The UN refugee agency, UNHCR, says that an estimated 97 people were attacked by Serbs that night. The Albanian population has started to flee the north, they say, with over a thousand people having vacated their property in the last four days. In the ensuing night of violence, 15 Serbs were hand-grenaded in a bar, five Albanians were killed, five NATO peacekeepers injured, seven UN vehicles burnt, and all international agencies withdrawn from the north side of the river.

Three days of rioting in Mitrovica followed, leaving another two people dead, another 11 French NATO troops injured, a 15-year-old boy shot by a suspected Serb sniper on Saturday, another hand-grenade attack on a Serb village on Saturday night, Serb paramilitaries openly patrolling the streets of northern Mitrovica, and a huge French NATO contingent that Albanians claim is massively biased in favour of the Serbs.

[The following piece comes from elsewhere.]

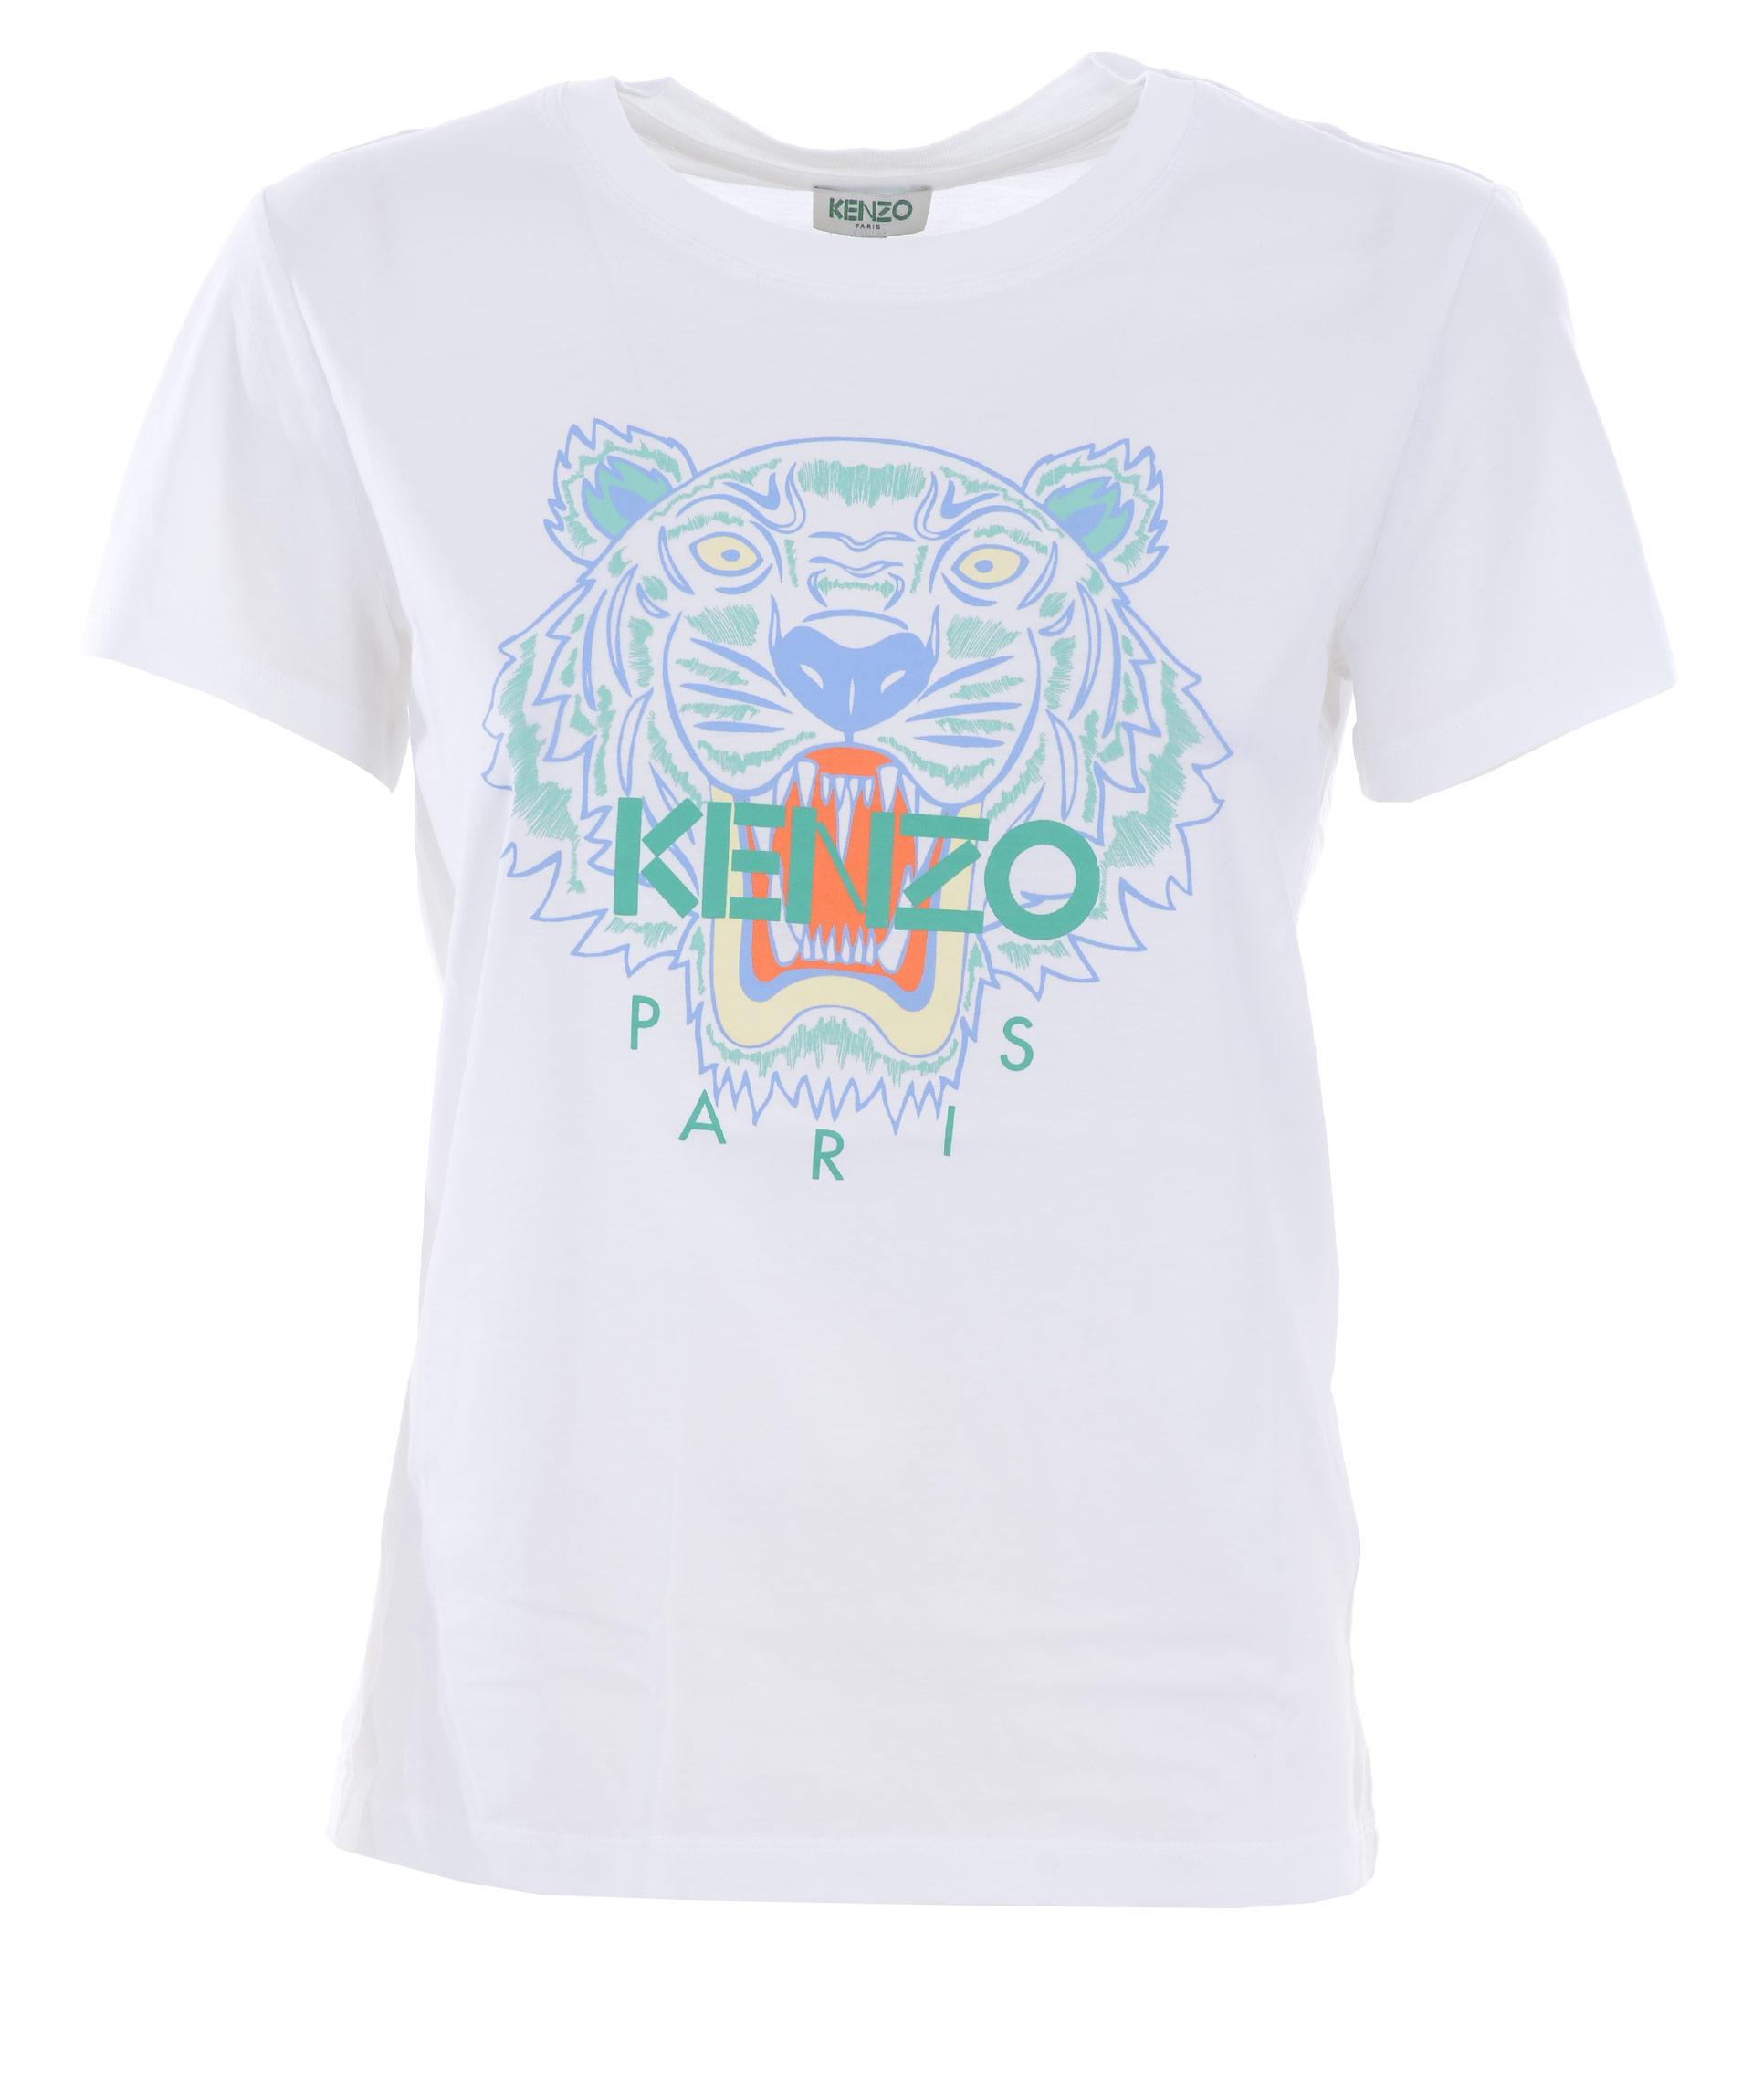 T-shirt Kenzo tigre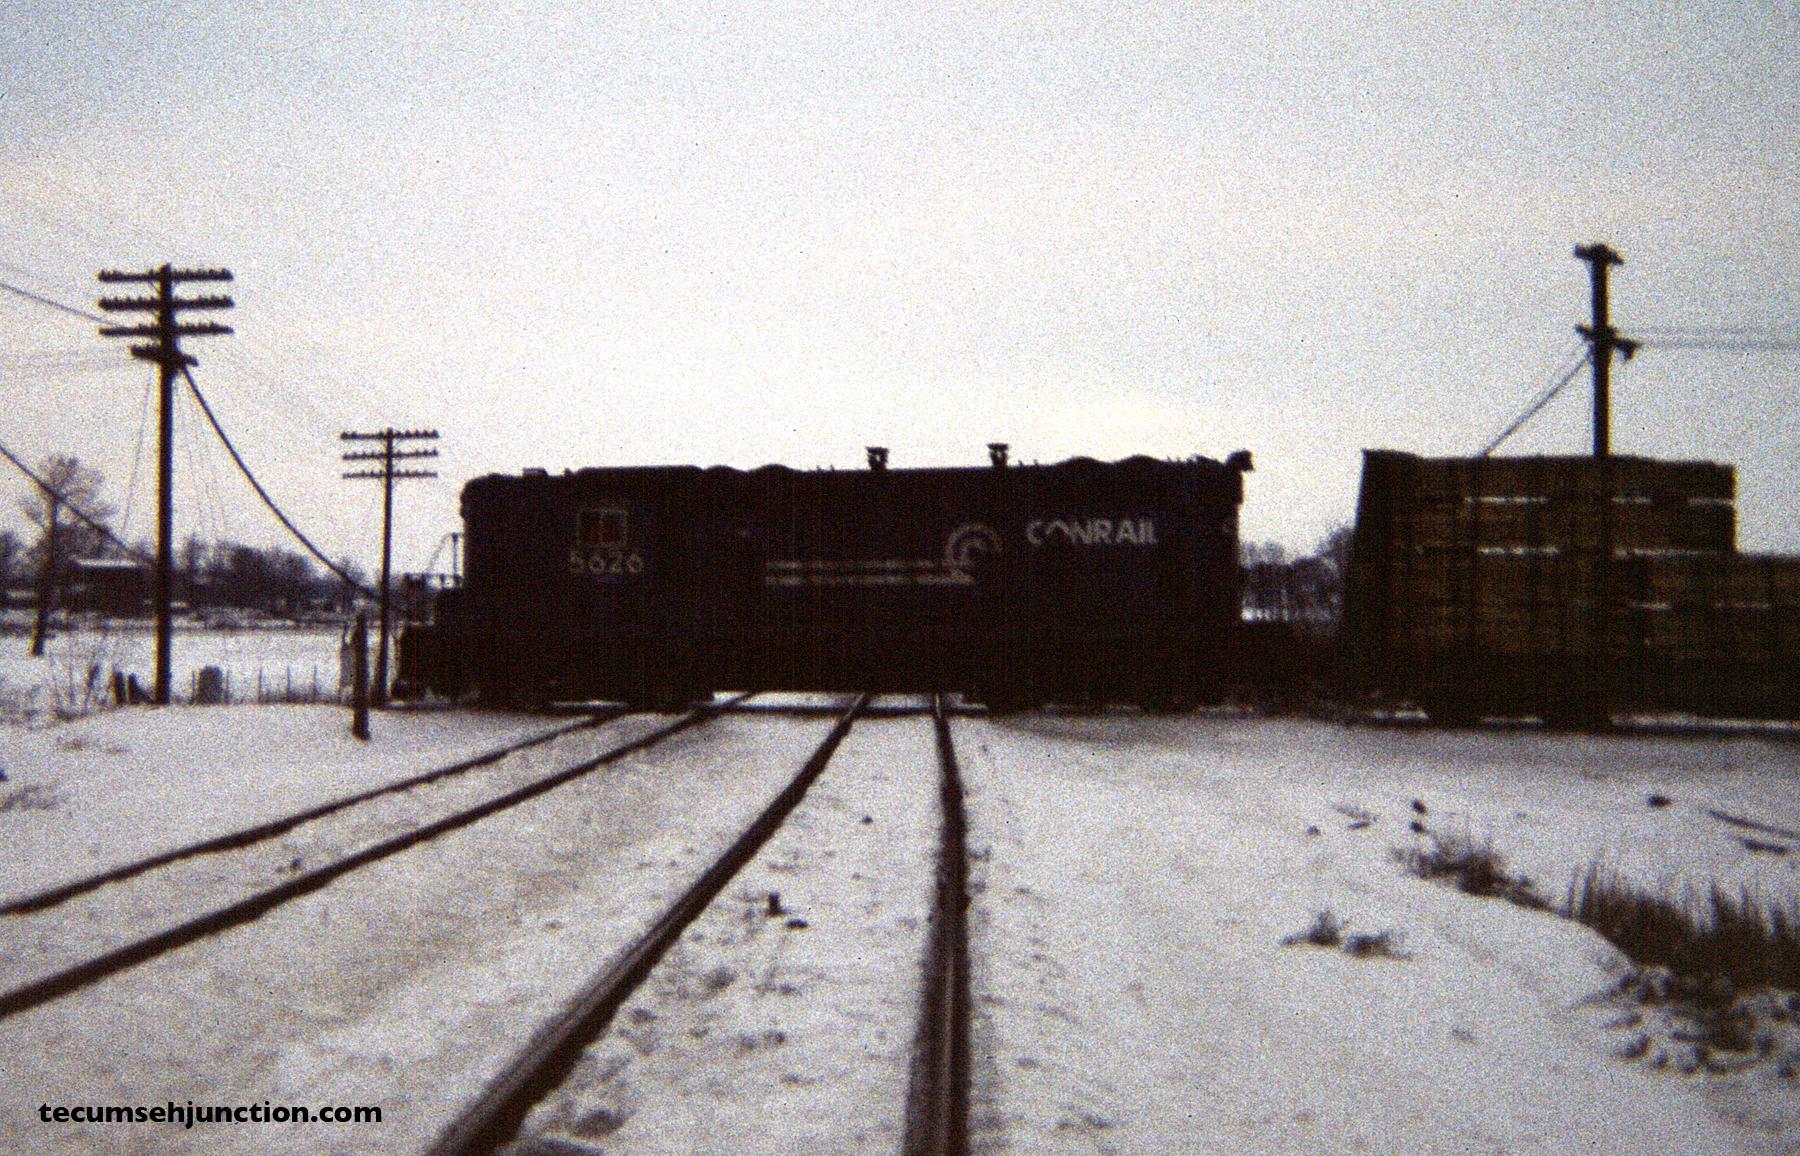 The northbound train crosses N&W diamonds at Raisin Center, Michigan. (12 December 1981)

French soldiers and paramilitary police in full riot gear prevent anybody from crossing the river Ibar. On the north side are routinely gathered hundreds of Serbs. On the south, the Albanians. The streets around the bridge, and the bridge itself, are covered with hundreds of broken bottles, rocks, planks, expended tear-gas grenades, cartridge cases. Everywhere is the slick, brown mud of the Kosovan winter. "All I saw when the violence was happening was seven or eight Serbs with guns," says Gani Gjaka, standing near his wife's fresh grave. "And I thought, this is it. It's starting all over again, all over Kosovo."